++++ Provided data
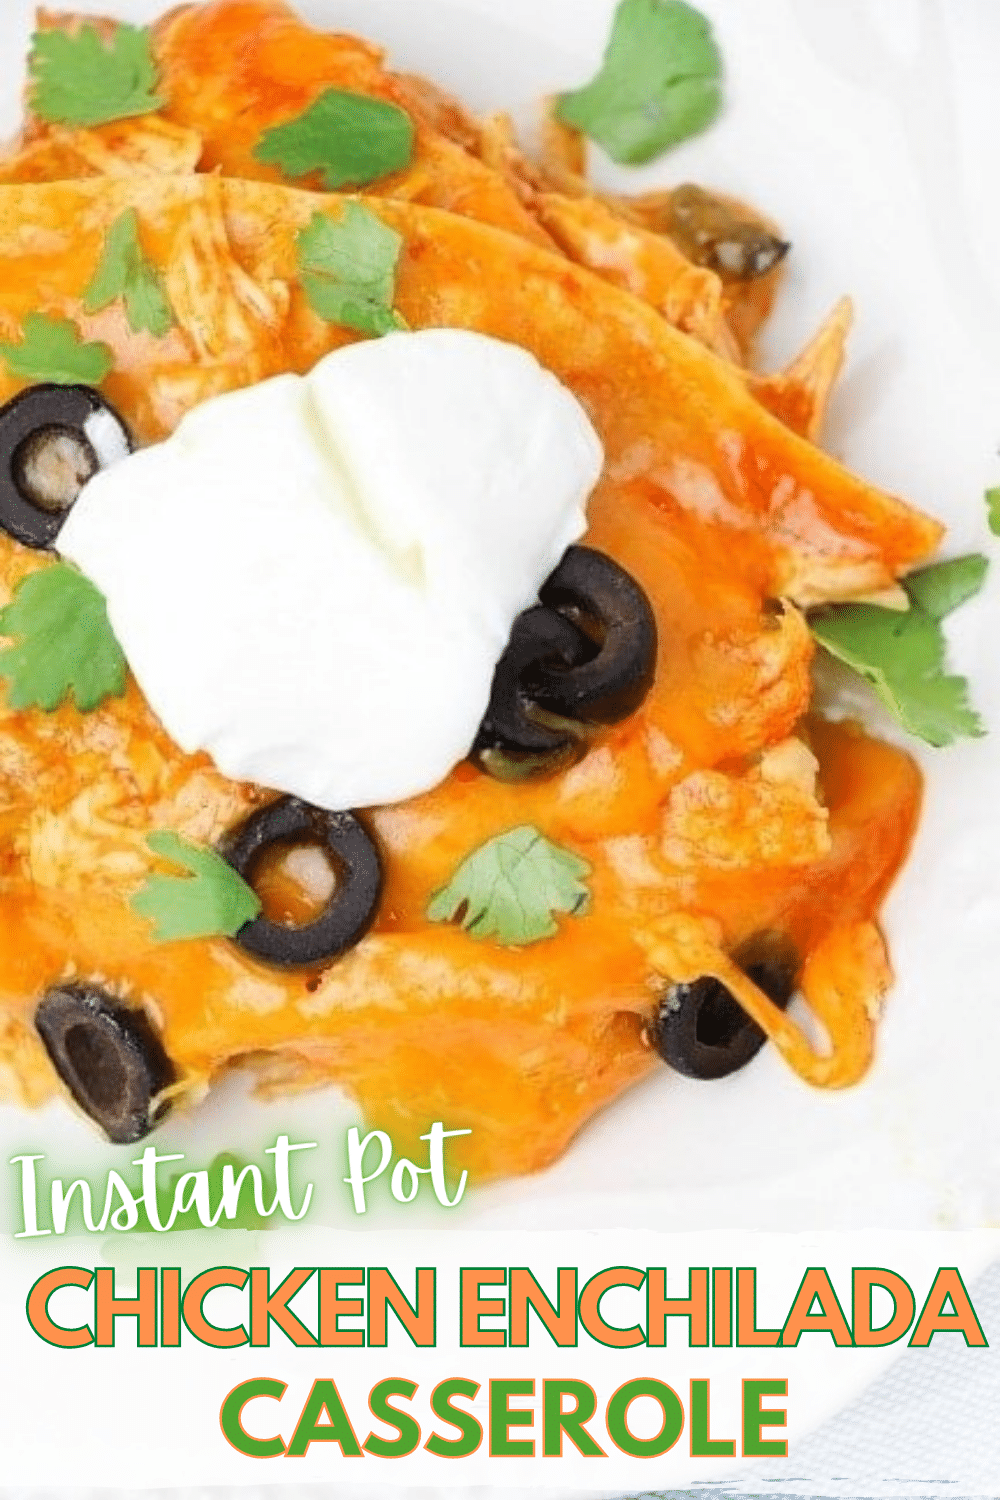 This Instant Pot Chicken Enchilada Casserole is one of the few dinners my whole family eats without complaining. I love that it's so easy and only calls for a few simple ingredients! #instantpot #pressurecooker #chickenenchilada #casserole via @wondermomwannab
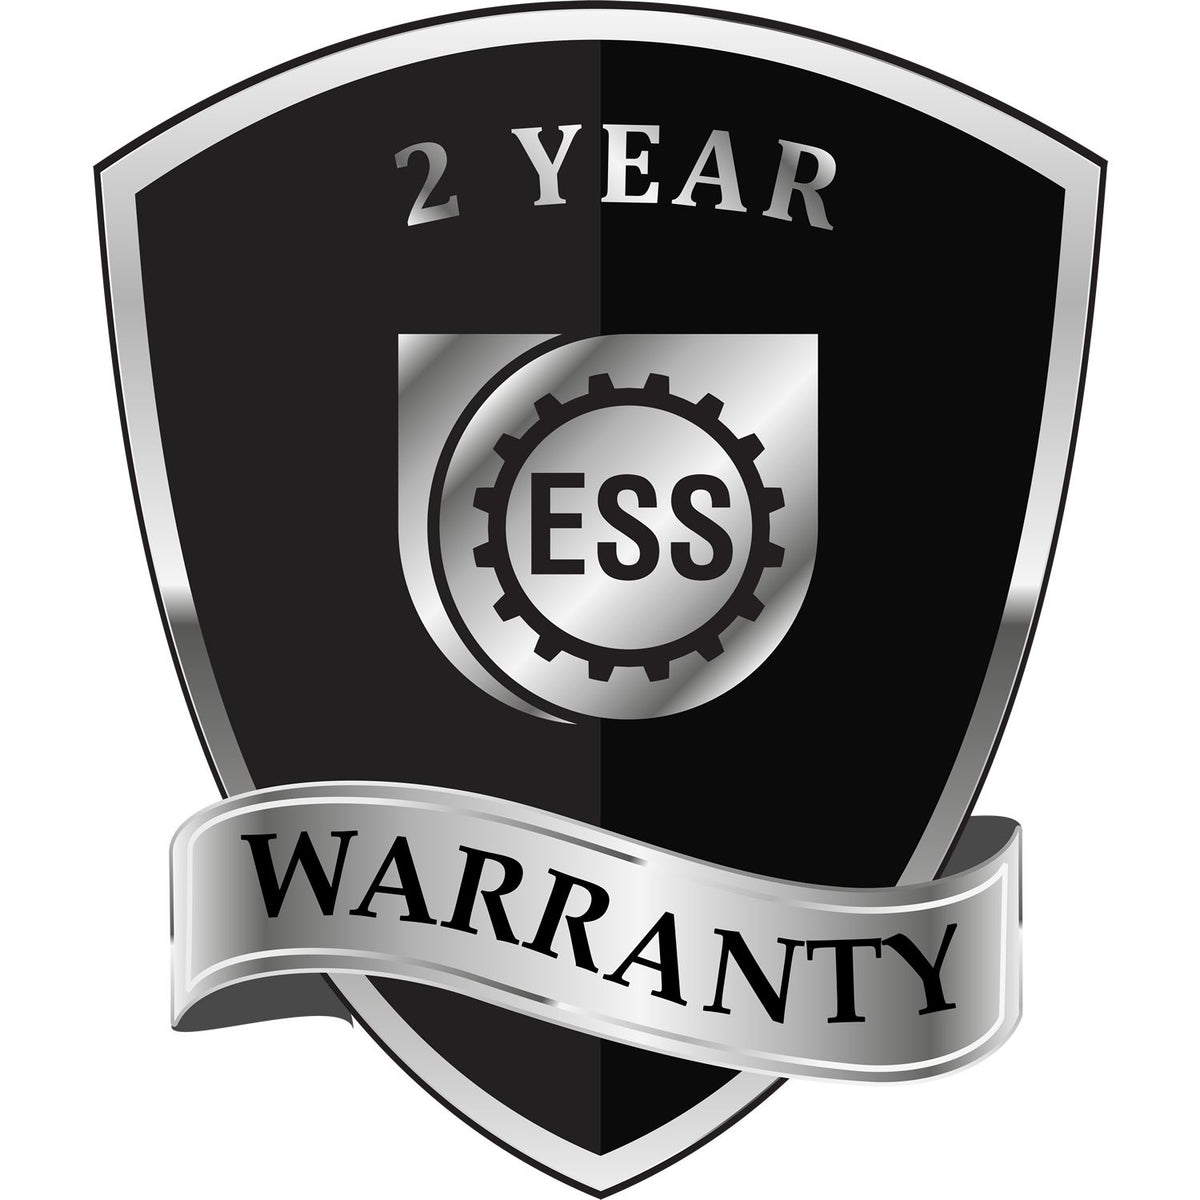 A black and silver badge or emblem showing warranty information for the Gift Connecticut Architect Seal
++++++++
++++ Provided data
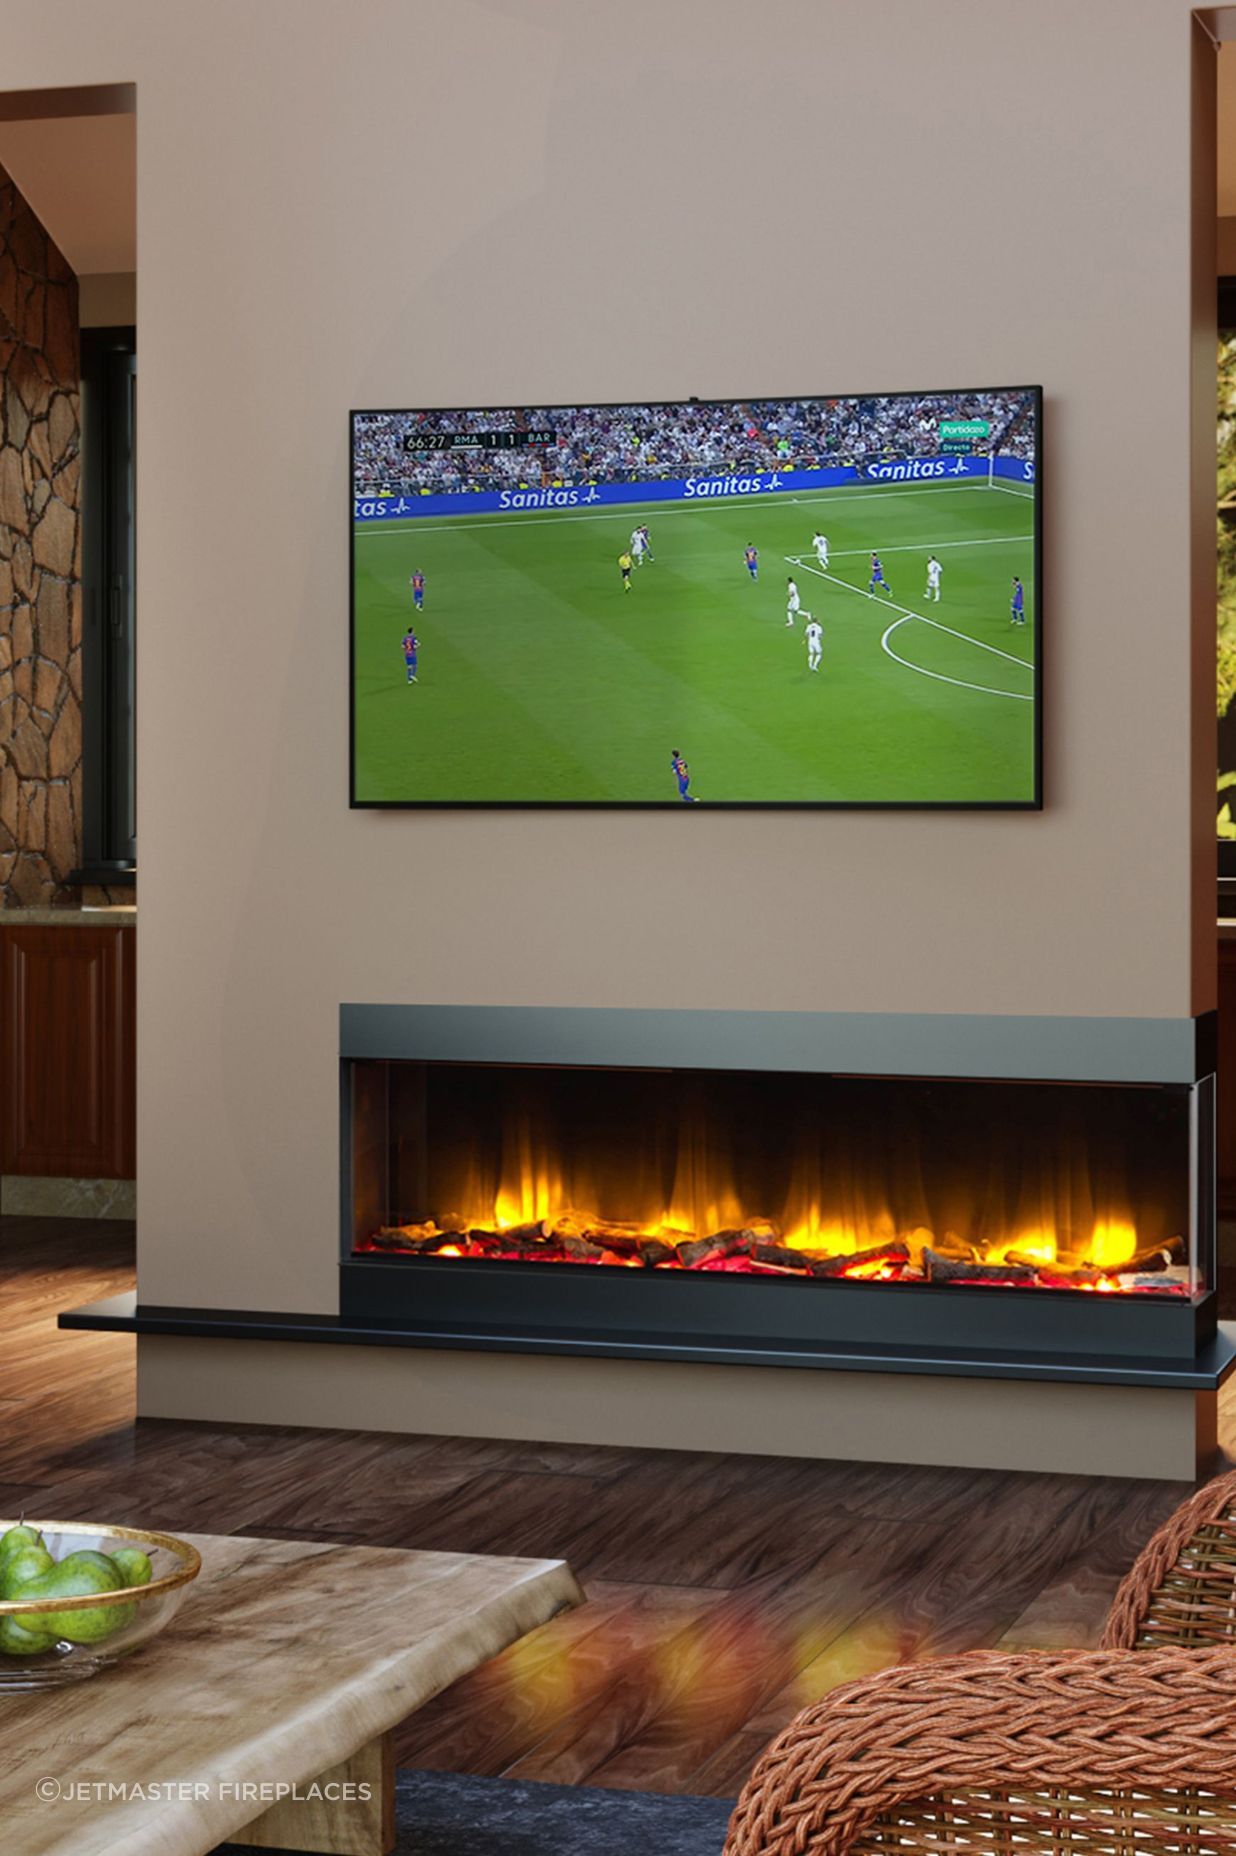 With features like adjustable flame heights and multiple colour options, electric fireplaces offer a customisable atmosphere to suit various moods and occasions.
++++++++
Your assignment = Leave the pictures out. Output, exactly, the lines of the material above starting at the line containing "This Instant Pot" and ending at the line containing "A black and".

Expected answer =
 This Instant Pot Chicken Enchilada Casserole is one of the few dinners my whole family eats without complaining. I love that it's so easy and only calls for a few simple ingredients! #instantpot #pressurecooker #chickenenchilada #casserole via @wondermomwannab
 A black and silver badge or emblem showing warranty information for the Gift Connecticut Architect Seal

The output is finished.